Пока государь заседал с посланником и Годуновым наедине, он полдня развозил гостинцы от него со словами внимания главе московской купеческой гильдии, на большое подворье, и по дворам других торговых воротил, прибывших по случаю в Москву ради общего насущного решения с Волги, Ладоги и самого Приморья Холмогорского… Всех их государь по отдельности выслушал, и приглашал явиться вместе, после нынешних переговоров.

Сознавая, что день завтра с самого рассвета предстоит безумный, он решил не откладывать, и забрал с собой кулёк изюму из тут же приготовленных запасов.
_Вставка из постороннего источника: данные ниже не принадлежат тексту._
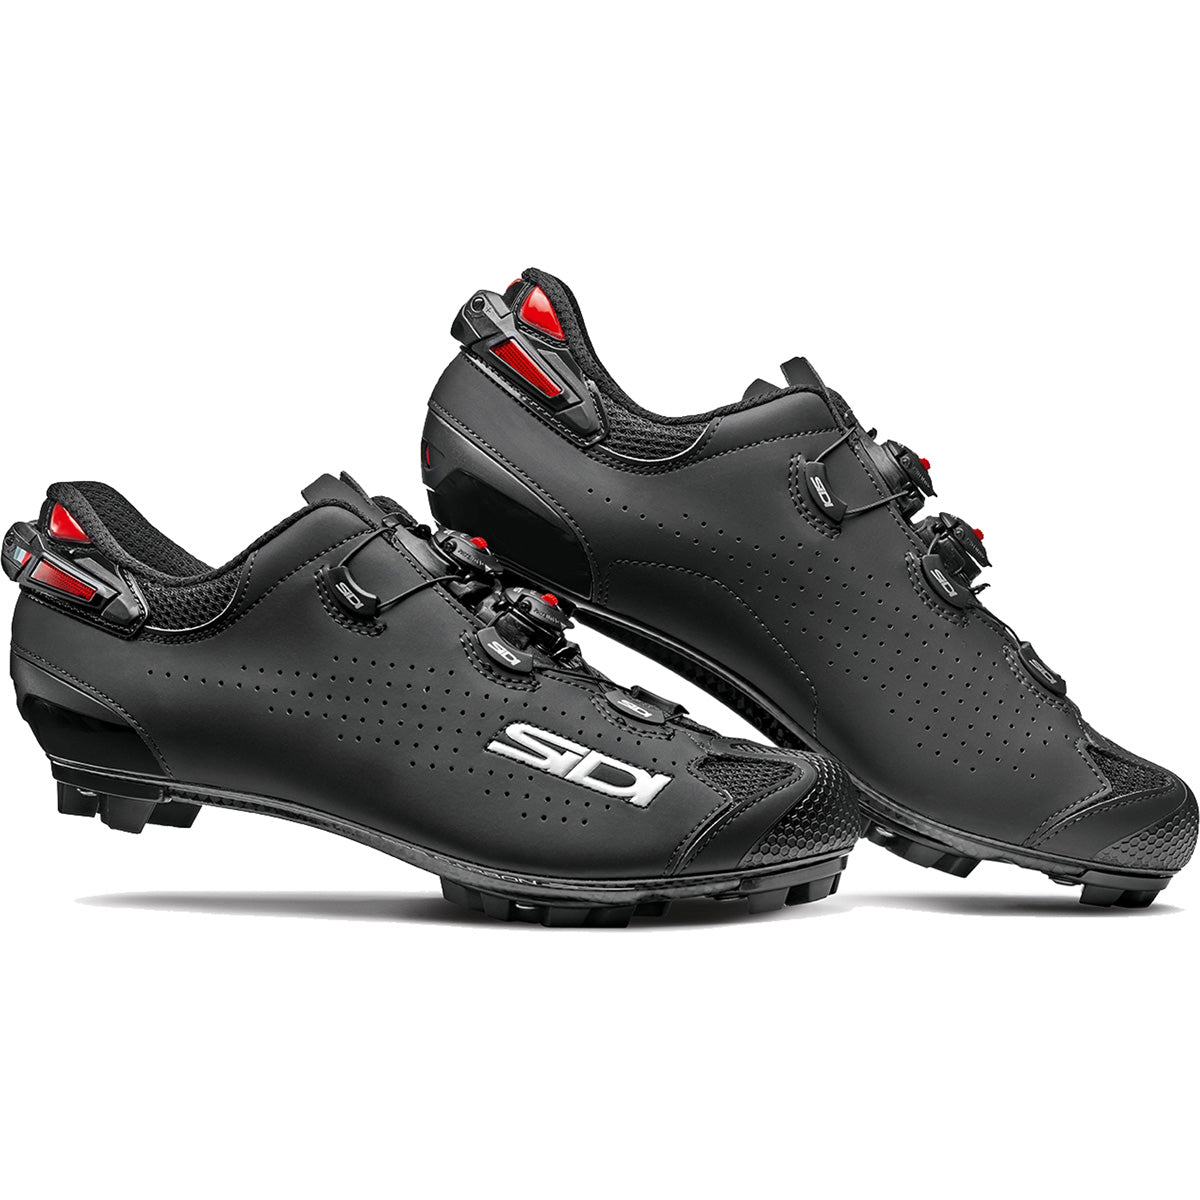 Sidi Tiger 2 Mountain Bike Shoes - Matte Black/Black

И криночку орехов тёртых греческих в дивном молоке миндальном. И ещё горсть засахаренных груш вперемешку с вишнями и финиками в присыпке кардамонной. Брать ему из довольства не воспрещалось ничего, всё выдавалось по первому требованию, только ключником заносилось в расходную докладную. Можно было б придумать ещё чего к гостинцам, но Федька вовремя спохватился, что не своим делом озаботился на сей раз, и уж верно столом их семейным занимаются сватьи. И всё же воротился взять ещё целых три лимона. Ключник погудел себе под нос, внося сию потраву в свой отчёт.
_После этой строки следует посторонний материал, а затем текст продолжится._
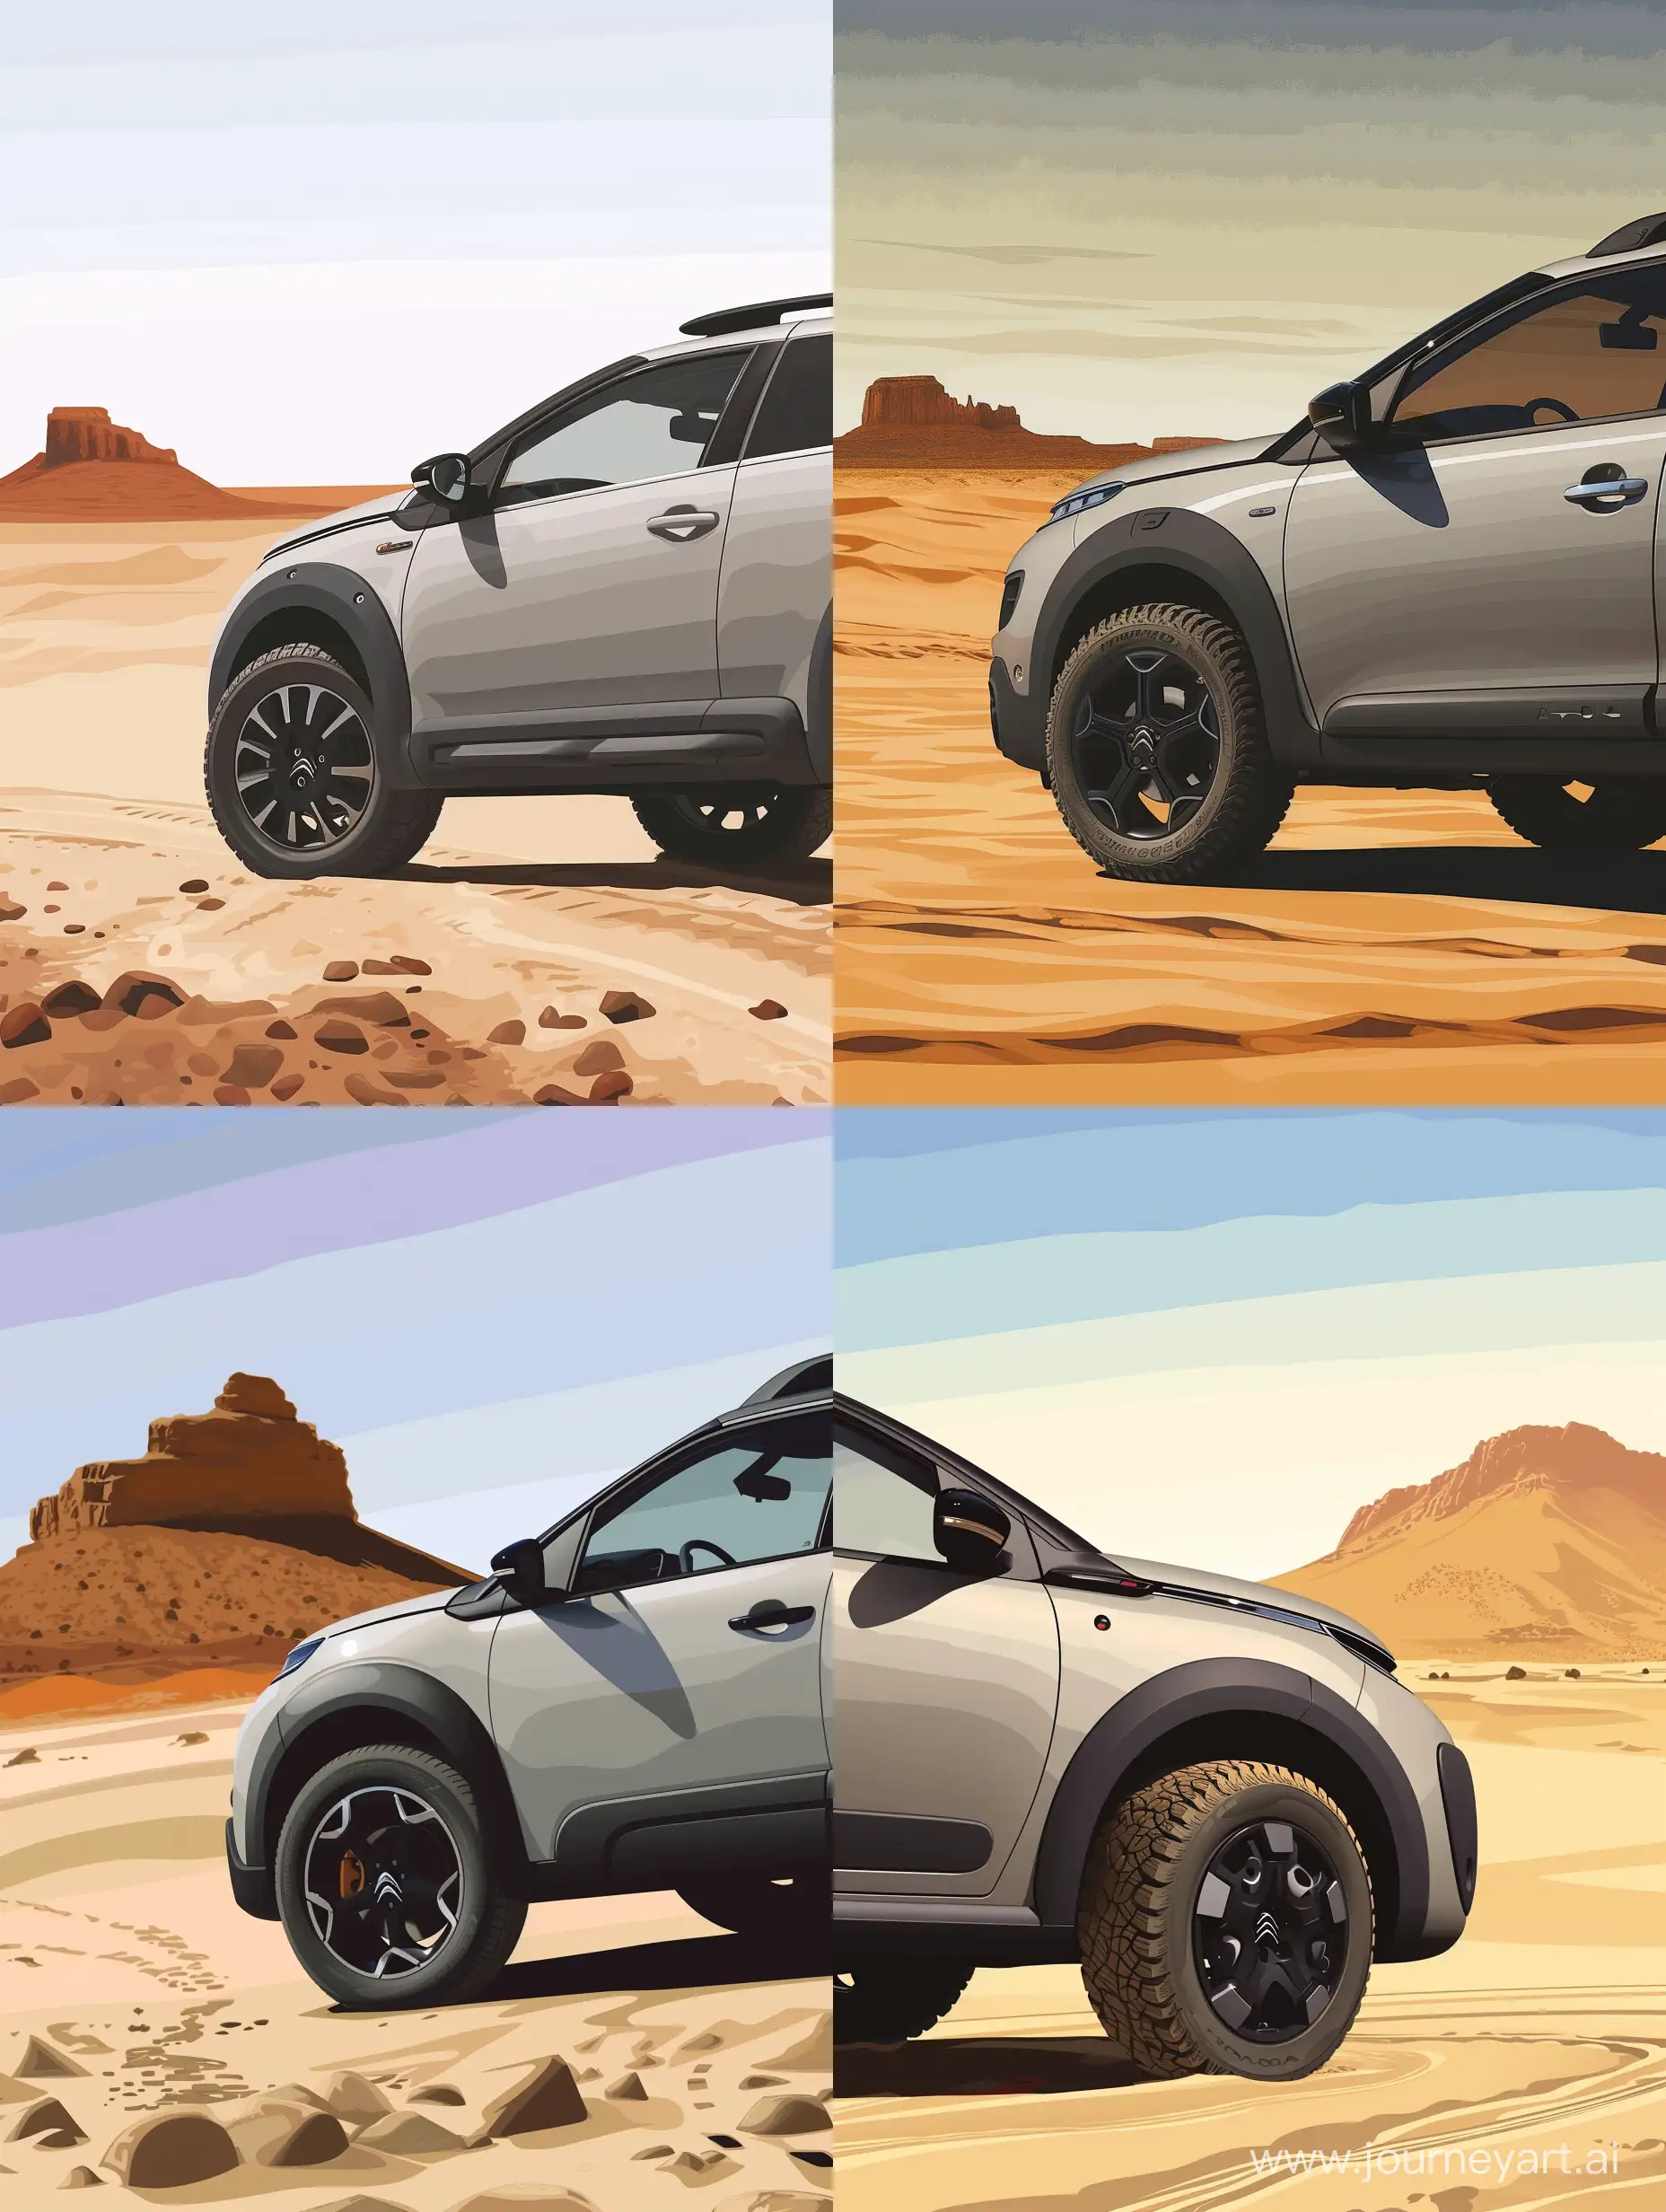 Silver-Gray-2015-Model-Citroen-C4-Cactus-in-Desert-Illustration-Wallpaper

Как всегда перед послами, кравчий во первых рядах выставлял себя ответственным за царское лицо, причём – прямо и безо всякого иносказания. Федька разоделся в прах, сверкая так в зажигаемых всюду покоевых фонарях и лампадах, что глаза слепило, отражаясь искрами и вспышками в цветных слюдяных оконцах, позолоте утвари и, волнуя пламя свечей, проносился по дышащему пространству дворца подобно той самой Птице-Жар… И Арсения, конечно, нарядил сообразно, поручив во время всего застолья быть неподалёку от входа в трапезную, на всякий случай обретаясь не слишком заметно среди многочисленной прислуги, облачённой по случаю пира богаче иных дворян, и за всем там наблюдать.

Перед самым царским выходом удалось переговорить с воеводой с глазу на глаз, отойдя в сторонку от прочих ближних опричных и земских, приглашённых к обеду стольников. Вернее бы сказать, из уст в уста и с уха на ухо – за ними постоянно следили, конечно… Кратко доложил, что речь с посланником наедине у государя в Крестовой шла о Нарве, бухте святого Николая, о делах торговых, и о намерении в путанице сей разобраться совместными стараниями, и по завершении Висковатого со старшим Щелкановым43 туда позвали, и оба с мордами красными выкатились, как в бане перебрав, а более ему добавить нечего – слыхал начало да конец видал.

Воевода, хмурясь, усмехнулся.

– А государь что?

– Зримо тягостно вздыхает…

– К Афанасию он сегодня же?

– Да, как англичан проводим.

– Тебя берут?

– Пока что был приказ после стола не отлучаться.

– Примечай там…

– Без надобности упреждать, помню: муха не свистнет, мышь не шмыгнёт.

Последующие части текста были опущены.